All new Registrations are manually reviewed and approved, so a short delay after registration may occur before your account becomes active.
unexplained high load on openvz hostnode
hi lowendtalk,
I have an issue with one of my openvz hostnodes. I figured someone here could help me out as I've been scratching my head over this.
the dedicated server has got 2 drives in SW RAID1 (mdadm) and atop is reporting them as constantly busy causing load averages of 20-30 sometimes (fluctuates). There is no high r/w while this is happening which is why I'm confused. smartctl reports the disks as PASSED.
load average: 32.37, 21.31, 14.76
There is a raid check going on but this also happens when there are no checks:
Personalities : [raid1]
md0 : active raid1 sdb1[2] sda1[3]
511936 blocks super 1.0 [2/2] [UU]
md2 : active raid1 sdb3[2] sda3[3]
1944481792 blocks super 1.1 [2/2] [UU]
[========>............] check = 44.8% (872383040/1944481792) finish=26473.8min speed=674K/sec
bitmap: 9/15 pages [36KB], 65536KB chunk
md1 : active raid1 sdb2[2] sda2[3]
8380416 blocks super 1.1 [2/2] [UU]
dd if=/dev/zero of=test bs=64k count=16k conv=fdatasync; unlink test
16384+0 records in
16384+0 records out
1073741824 bytes (1.1 GB) copied, 47.2936 s, 22.7 MB/s
DSK | sdb | busy 97% | read 738 | write 996 | avio 5.49 ms |
DSK | sda | busy 95% | read 717 | write 1007 | avio 5.41 ms |
/dev/sda:
Timing buffered disk reads: 60 MB in 3.18 seconds = 18.89 MB/sec
/dev/sdb:
Timing buffered disk reads: 52 MB in 3.14 seconds = 16.56 MB/sec
The drives are 2TB western digital RE4s.
iotop:
Total DISK READ: 0.00 B/s | Total DISK WRITE: 1048.89 K/s
TID PRIO USER DISK READ DISK WRITE SWAPIN IO> COMMAND
341821 idle root 0.00 B 64.00 K 0.00 % 44.91 % [jbd2/ploop23591]
1004348 be/3 root 0.00 B 44.00 K 0.00 % 31.19 % [jbd2/p~op29098]
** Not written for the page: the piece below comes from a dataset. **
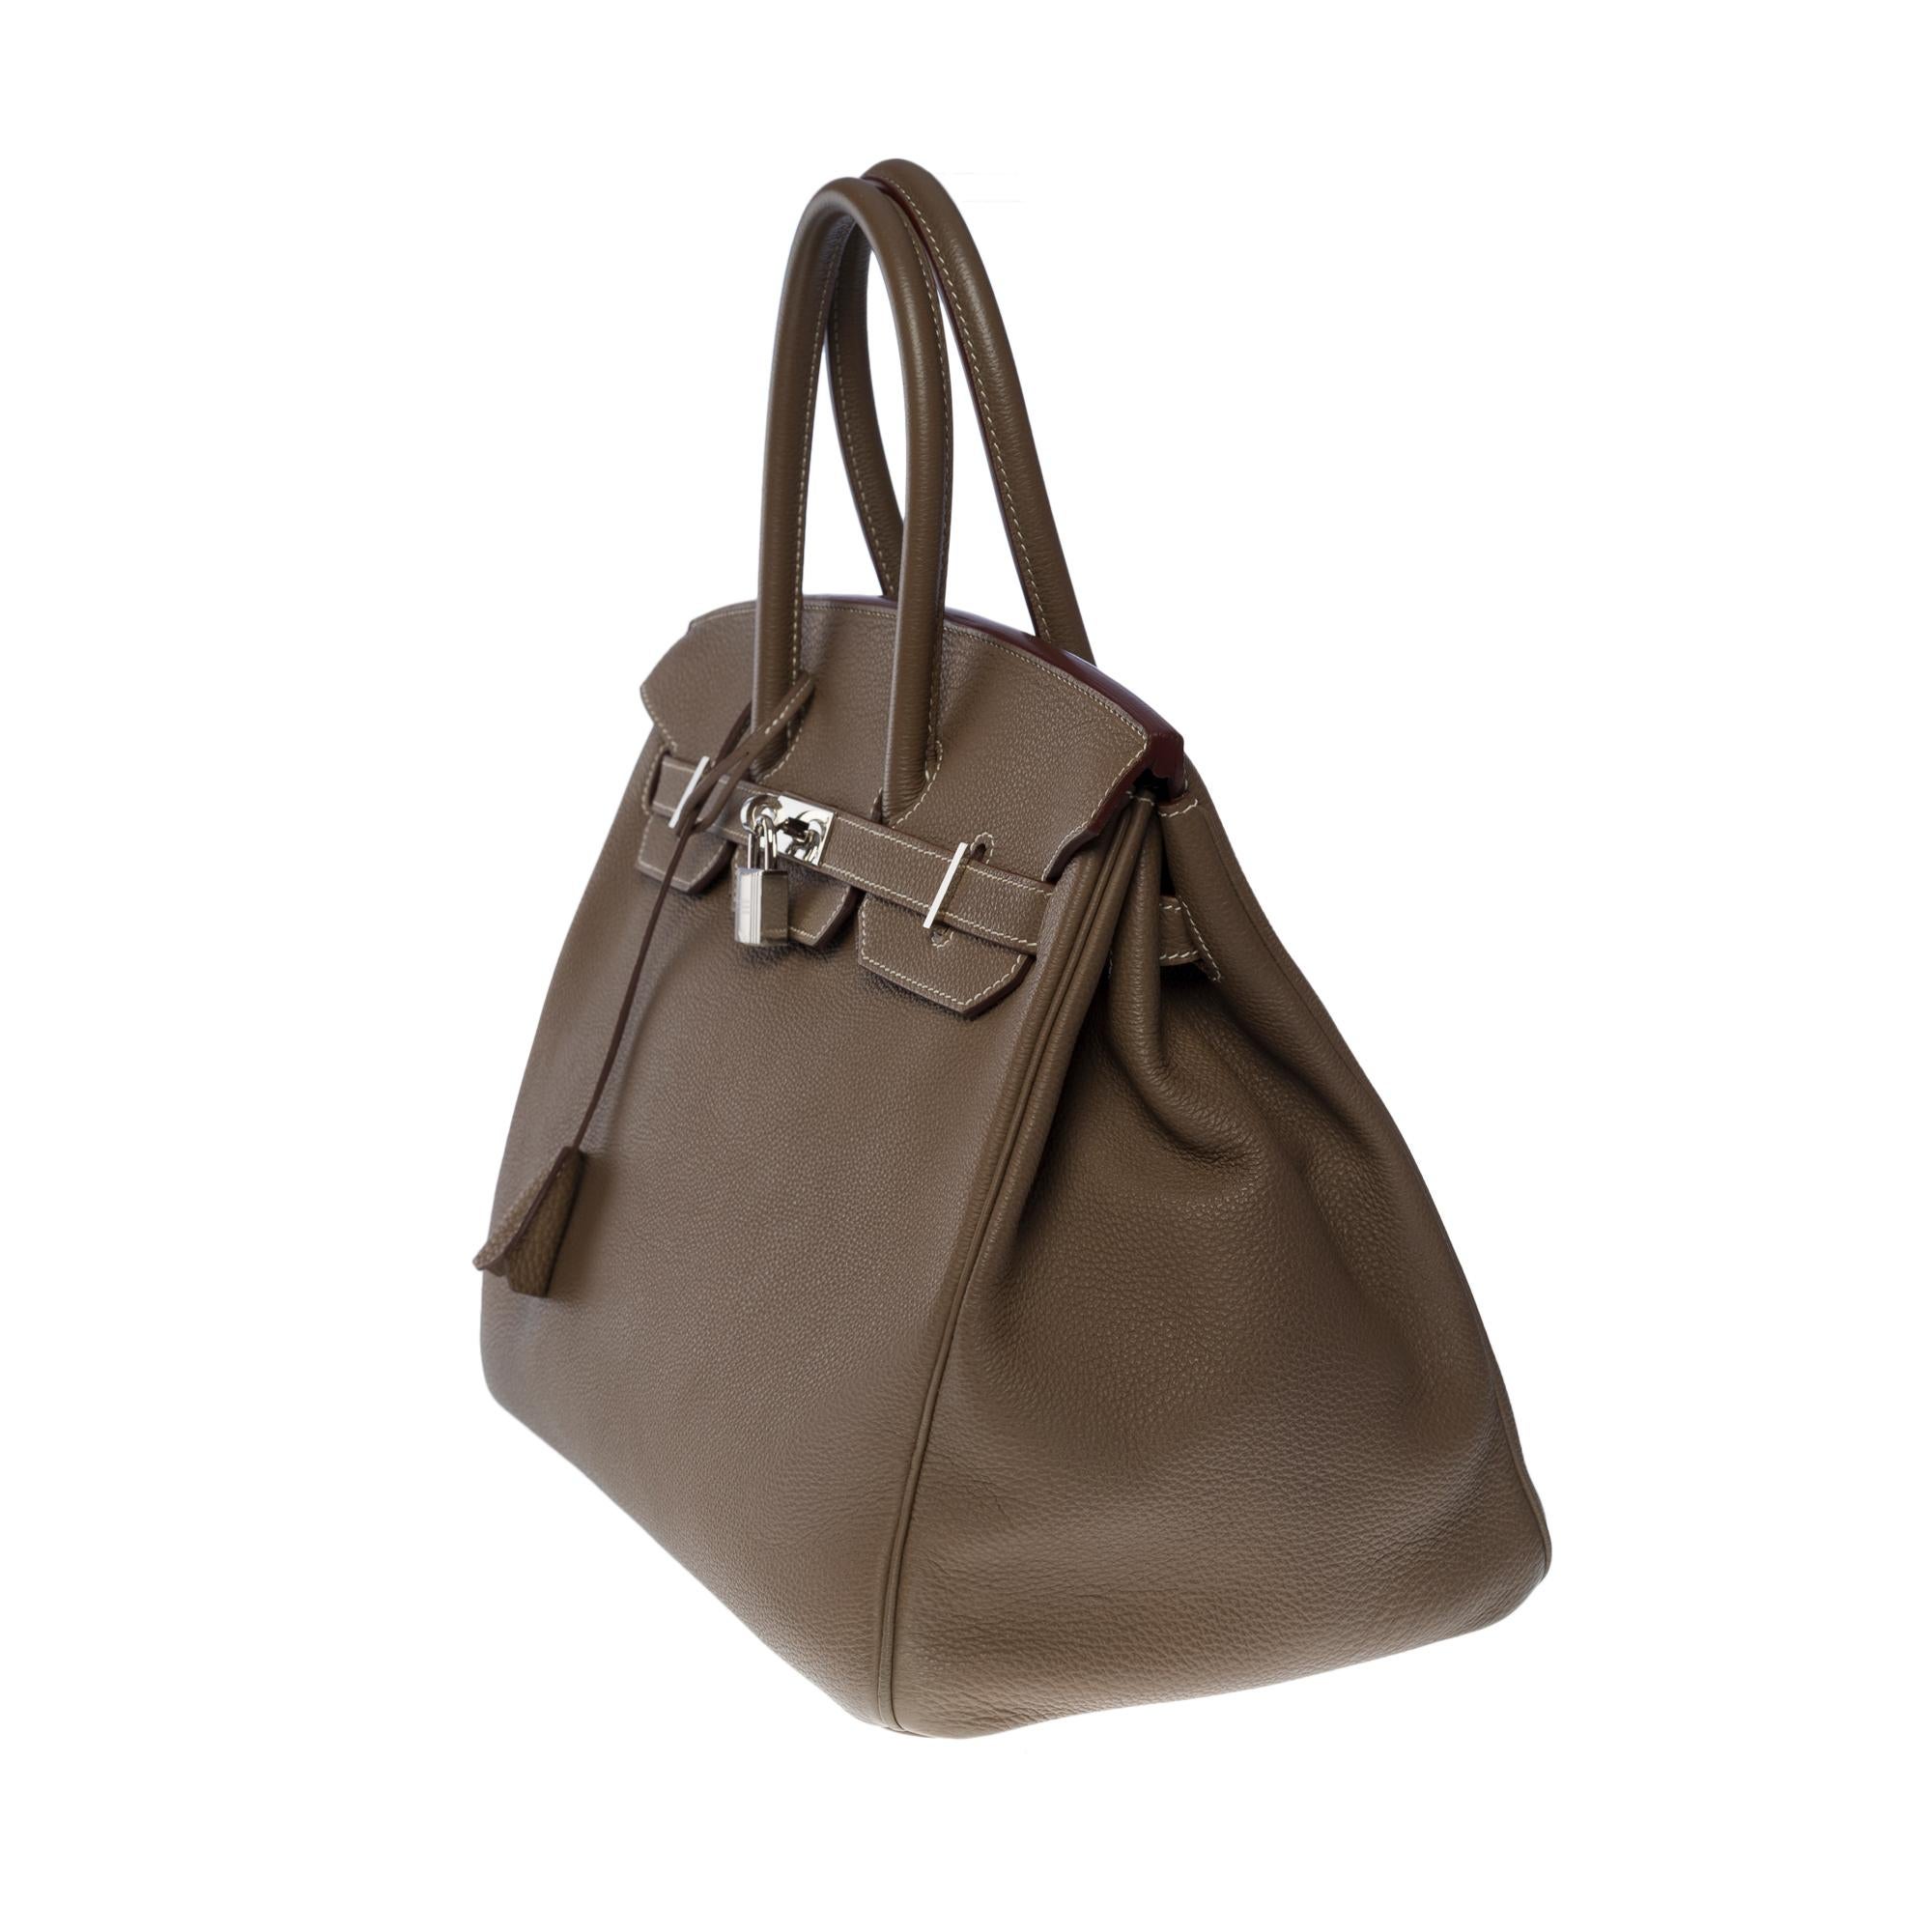 Stunning Hermès Birkin 35 handbag in etoupe Togo leather, SHW In Excellent Condition In Paris, IDF

5229 idle root 0.00 B 44.00 K 0.00 % 20.07 % [jbd2/ploop31426]
5194 idle root 0.00 B 8.00 K 0.00 % 15.73 % [jbd2/ploop13867]
972 be/3 root 0.00 B 116.00 K 0.00 % 15.48 % [jbd2/md2-8]
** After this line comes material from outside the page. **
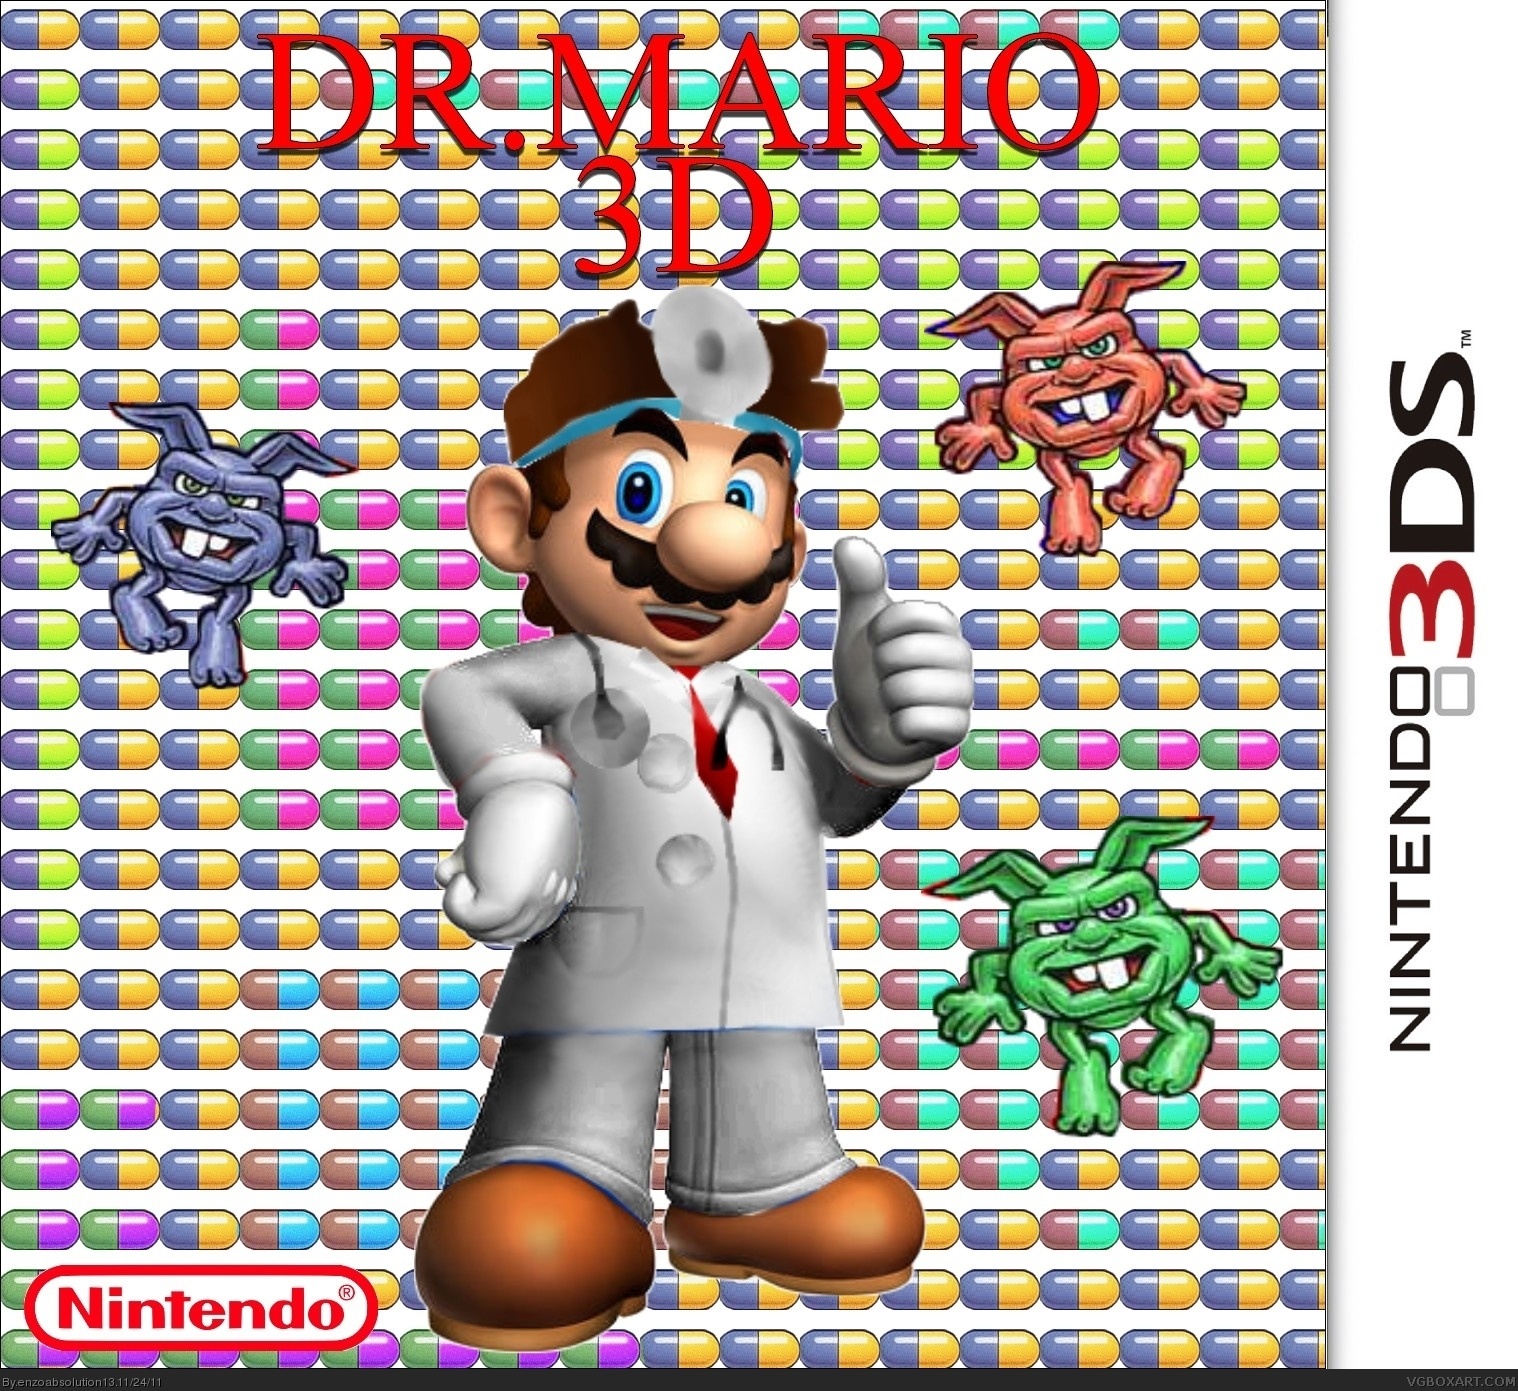 Dr. Mario box cover
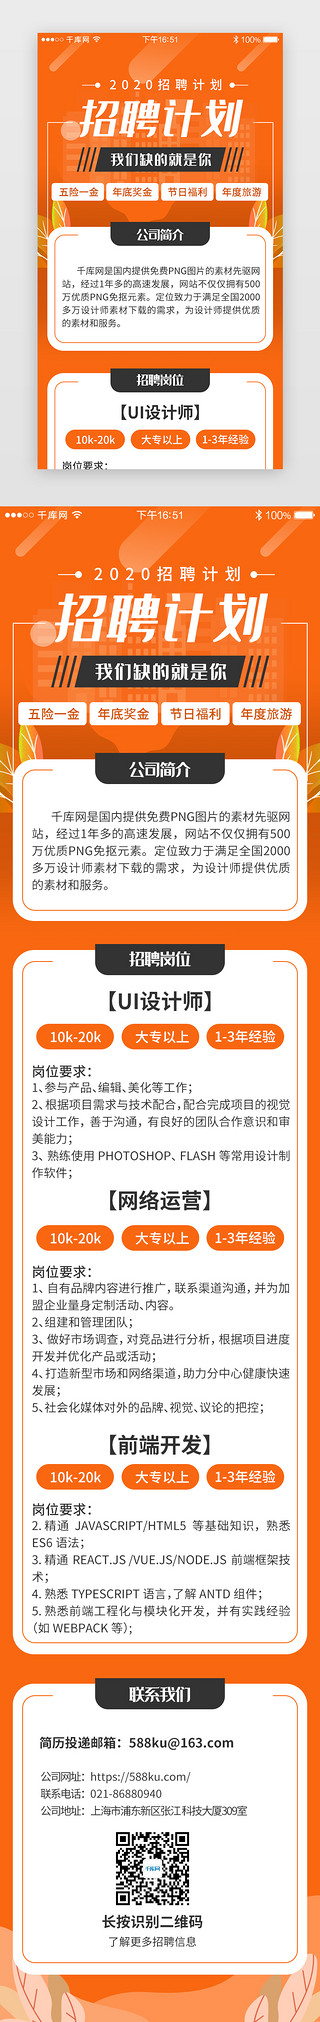 招聘拼图UI设计素材_橙色系app招聘求职H5

2292 be/3 root 0.00 B 68.00 K 0.00 % 7.82 % auditd
543312 be/3 root 0.00 B 44.00 K 0.00 % 7.54 % [jbd2/ploop47686]
13863 be/3 root 0.00 B 4.00 K 0.00 % 6.52 % [jbd2/ploop52010]
4520 be/3 root 0.00 B 0.00 B 0.00 % 6.23 % [jbd2/ploop45534]
729122 be/4 7796 0.00 B 64.00 K 0.00 % 5.87 % qmail-send
4195 idle root 0.00 B 92.00 K 0.00 % 5.74 % [jbd2/ploop56464]
5114 be/3 root 0.00 B 44.00 K 0.00 % 5.74 % [jbd2/ploop58038]
353581 be/4 110 8.00 K 24.00 K 0.00 % 5.71 % mysqld -~ort=3306
618746 be/3 root 0.00 B 0.00 B 0.00 % 5.23 % [jbd2/ploop17859]
top:
Cpu(s): 8.3%us, 2.9%sy, 0.0%ni, 70.4%id, 18.1%wa, 0.0%hi, 0.3%si, 0.0%s
is this normal? any pointers or assistance is appreciated.


Comments
Sounds like disk problem? Install sysstat then run iostat (iostat -k -h -n 5 maybe?). Or try running htop and filtering processes by the state "D" at top.
Could be numerous things.
thanks for the reply. yeah I presumed it was disk. what i'm trying to find out is why i'm having this issue only on this machine and not others.
Can you please run htop?
sure. what are you looking for specifically?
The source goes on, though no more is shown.